Abstract

This paper is a cross-dialectal survey of Chinese negatives, focusing on morpho-syntactic features. The main observations are as follows. 1. It has been a universal rule in Chinese to have different words for general negation and possession/existence negation respectively. In Northern (and Middle Chinese), the two kinds of negatives are different with [p-/f-] for general negation and [m-] for possessive negation respectively whereas in the South both kinds are in the form of [m-]. 2. Grarnmaticalization makes negatives more general, hence lessening the size of the negative lexicon, while on the other hand, lexicalization has negatives fused with other words and brings about new negatives. The high text frequency of negatives weakens their phonetic forms, while stressing the negative meaning leads to reinforcement of negative forms. 3. Negative-predicate ordering is the only order seen in Chinese, which is true over time and across dialects.
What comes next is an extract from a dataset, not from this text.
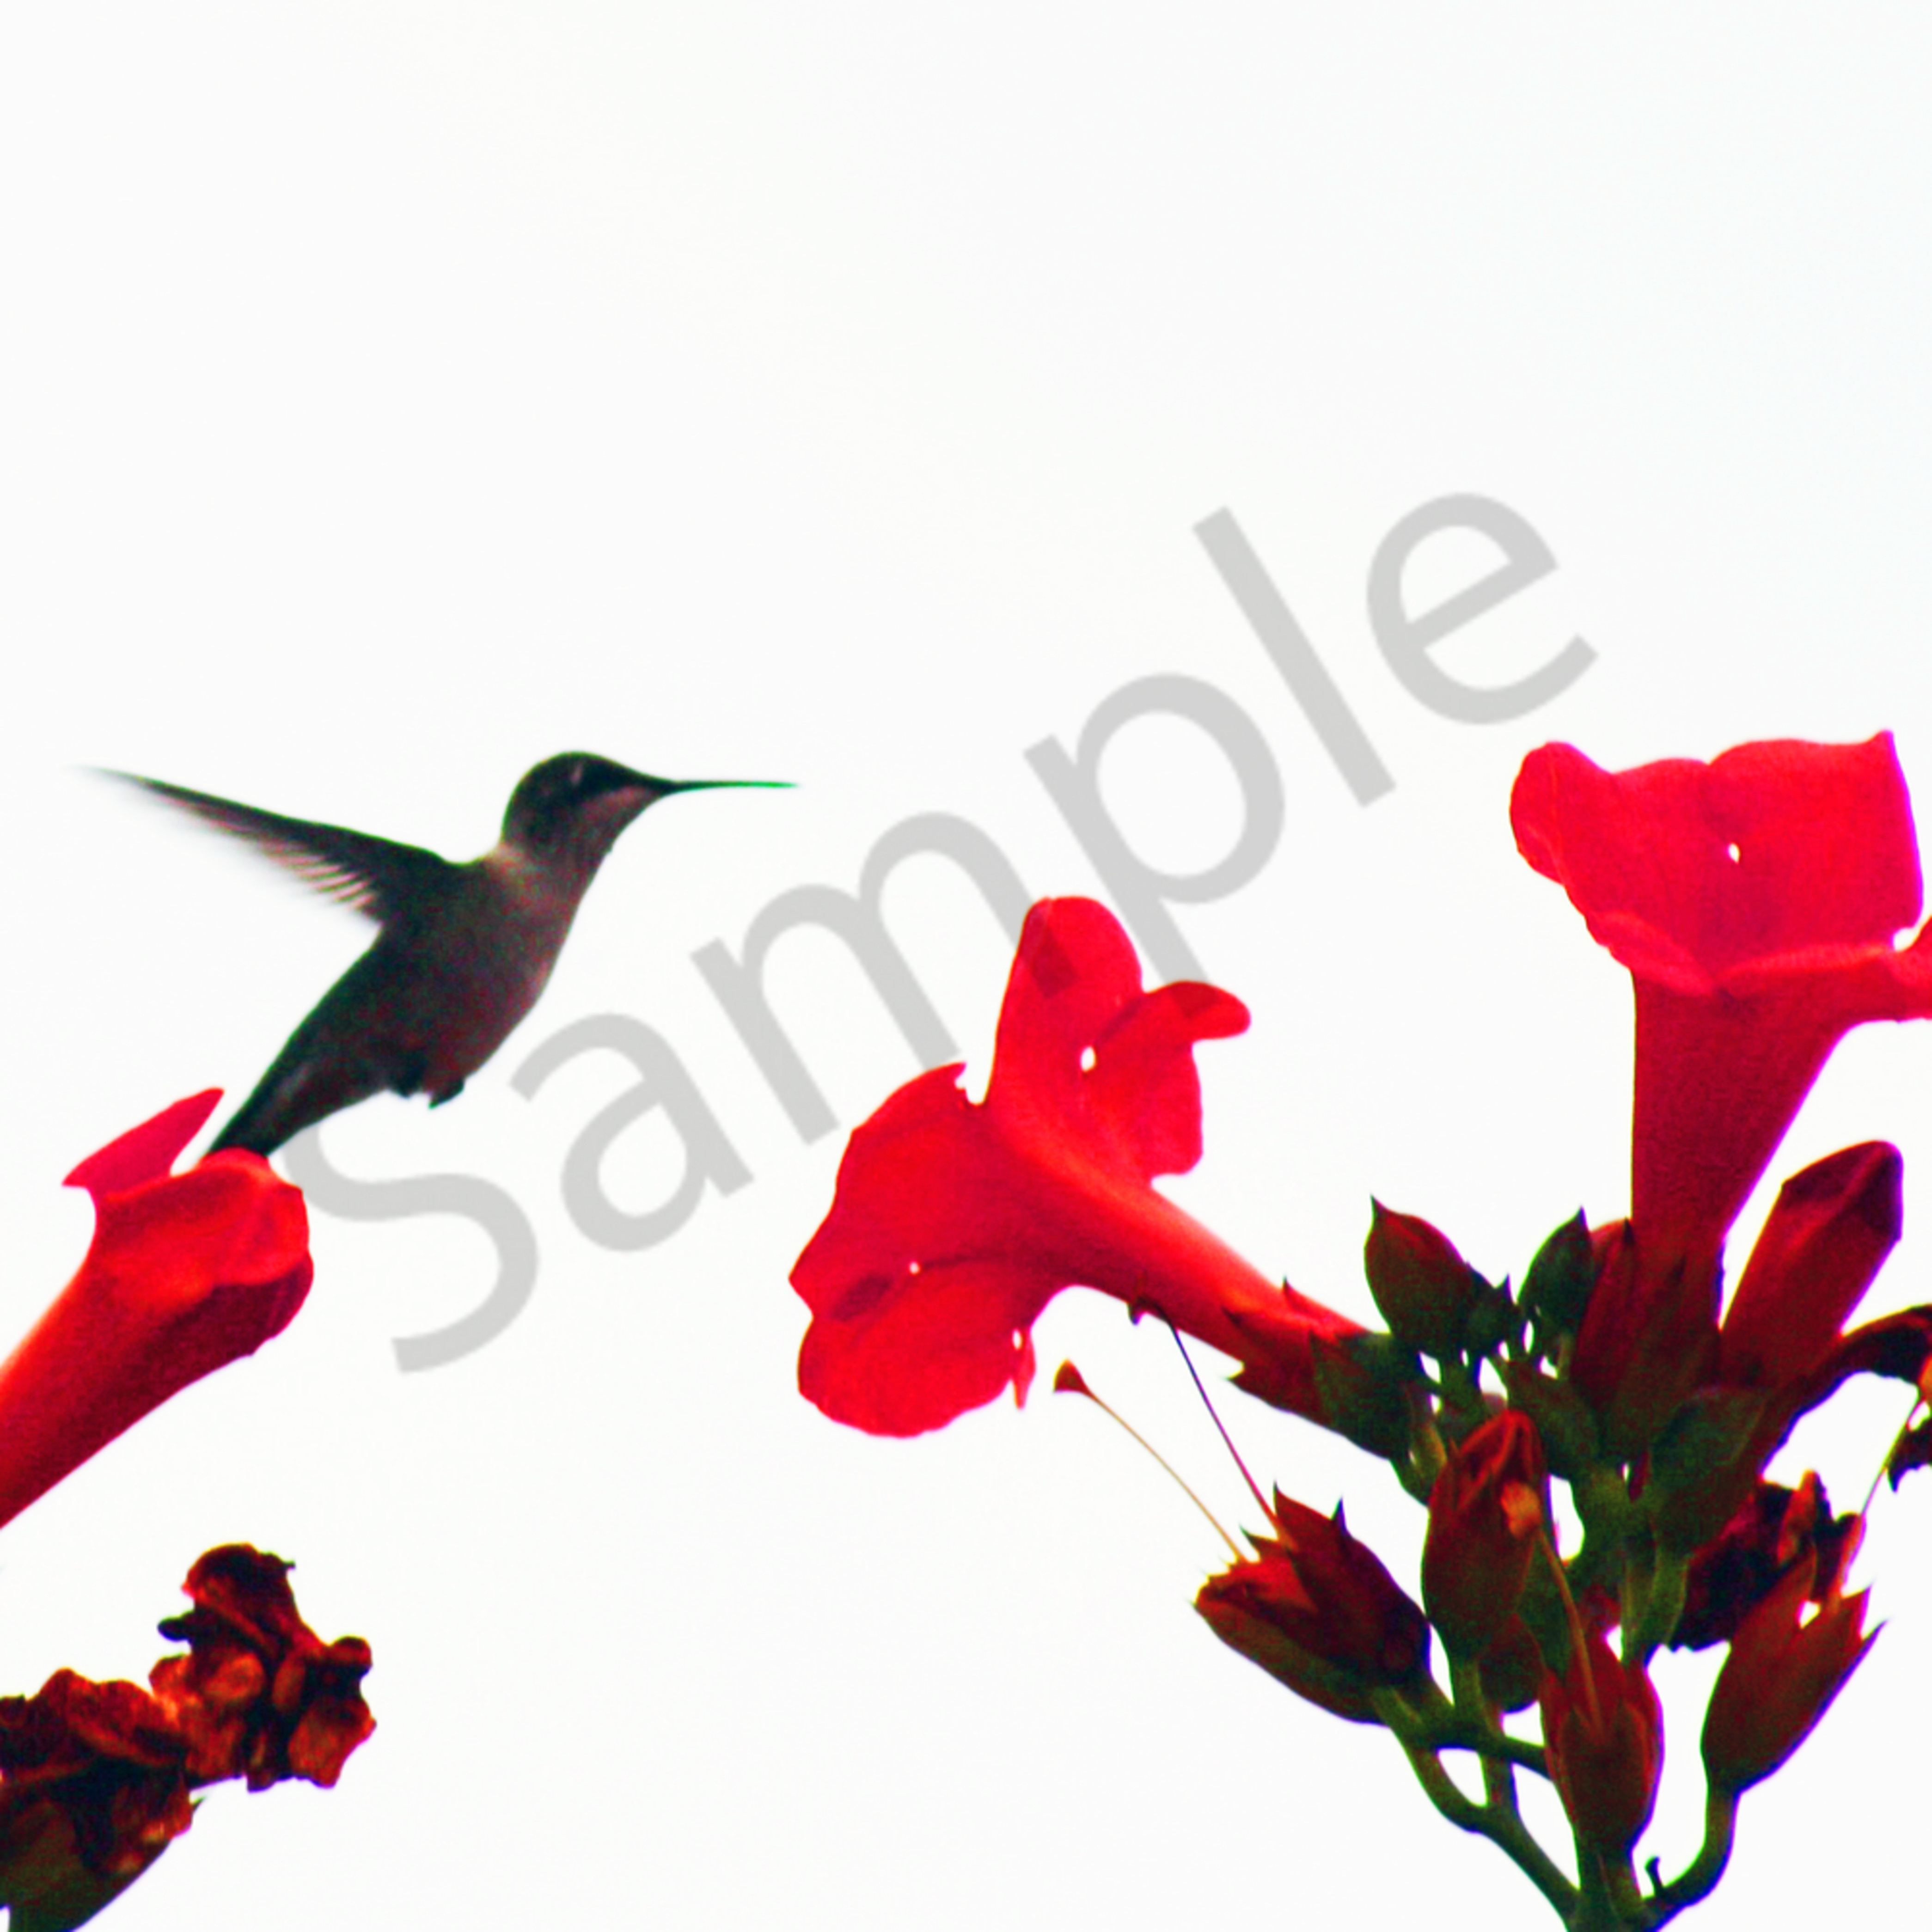 Hummingbirdresized2009 09 07 0016 jda9fl
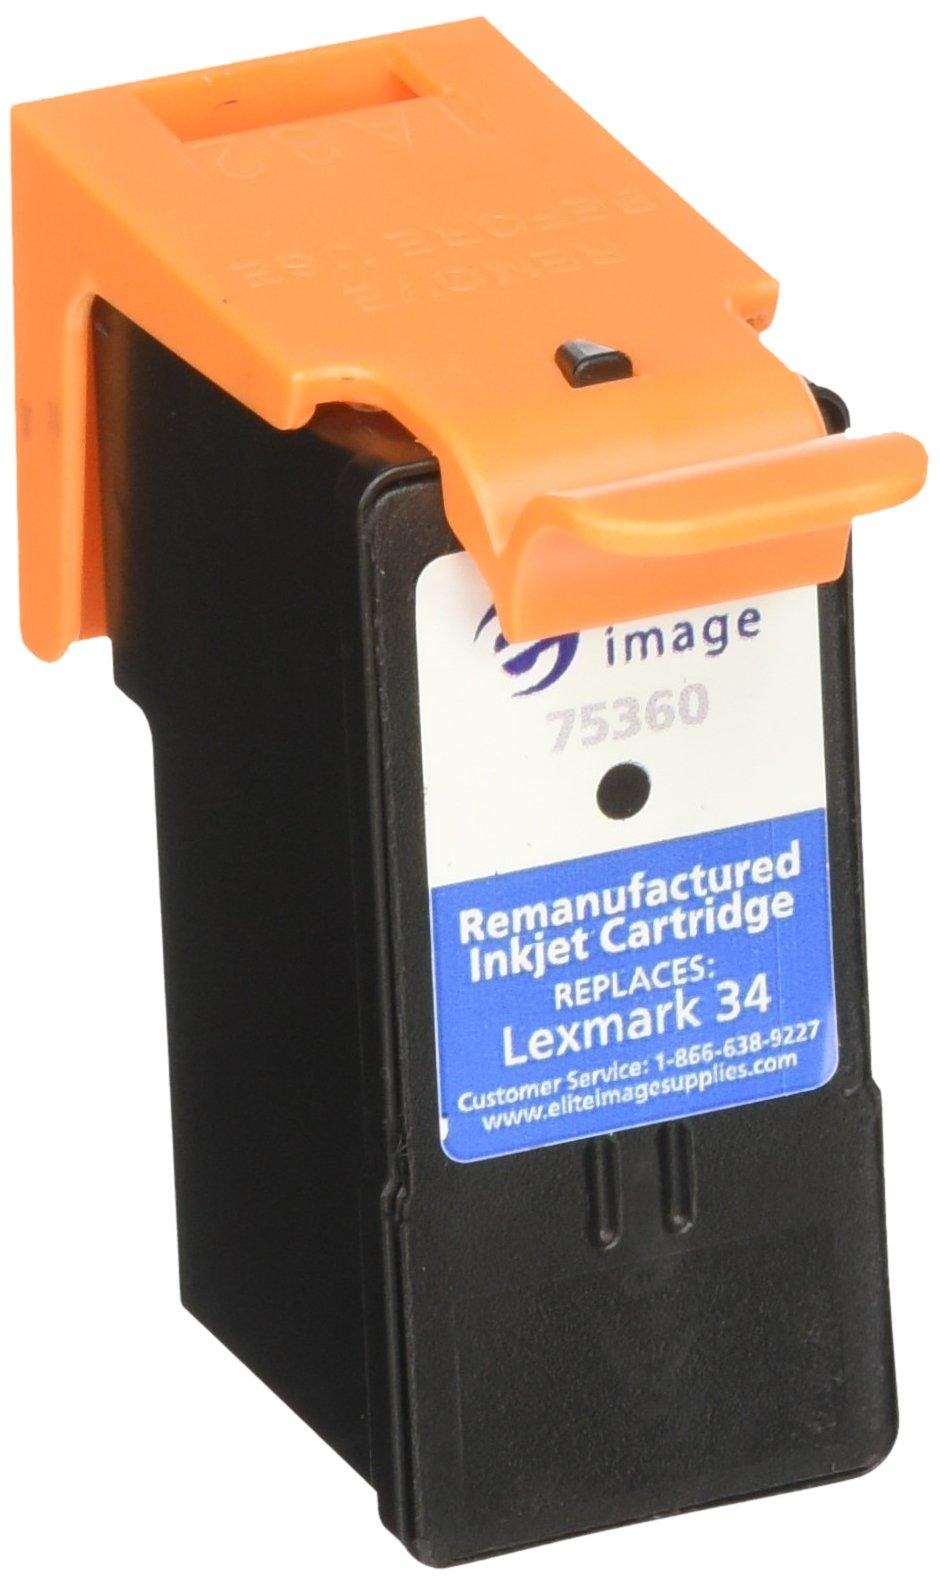 Elite Image ELI75360 75360 Ink Cartridge

Some seemingly complicated cases do not in fact violate this order. 4. In Northwestern dialects, there is a strong tendency for the negative to be put immediately before the predicative verb/adjective despite its scope (e. g., 'very not good' means 'not very good'), which leads to a violation of the famous correlation between scope and order in Chinese. This should result from a head-attraction of clitics. 5. While Old Chinese employs bu and fou for the English adverbial not and the reply “no” respectively, the Mandarin negative bu serves both functions. Sometimes, bu can be analyzed either way. The double analyses could have lead to the reanalysis of bu as not into bu as no. However, in southern dialects like Wu, there are no negatives for no. It might be because adverbial negatives in those dialects never serve as a short reply thus cannot be reanalyzed this way. This constraint reflects a more general rule in these dialects, i. e., a verb, adjective or adverb alone can hardly function as a short independent sentence.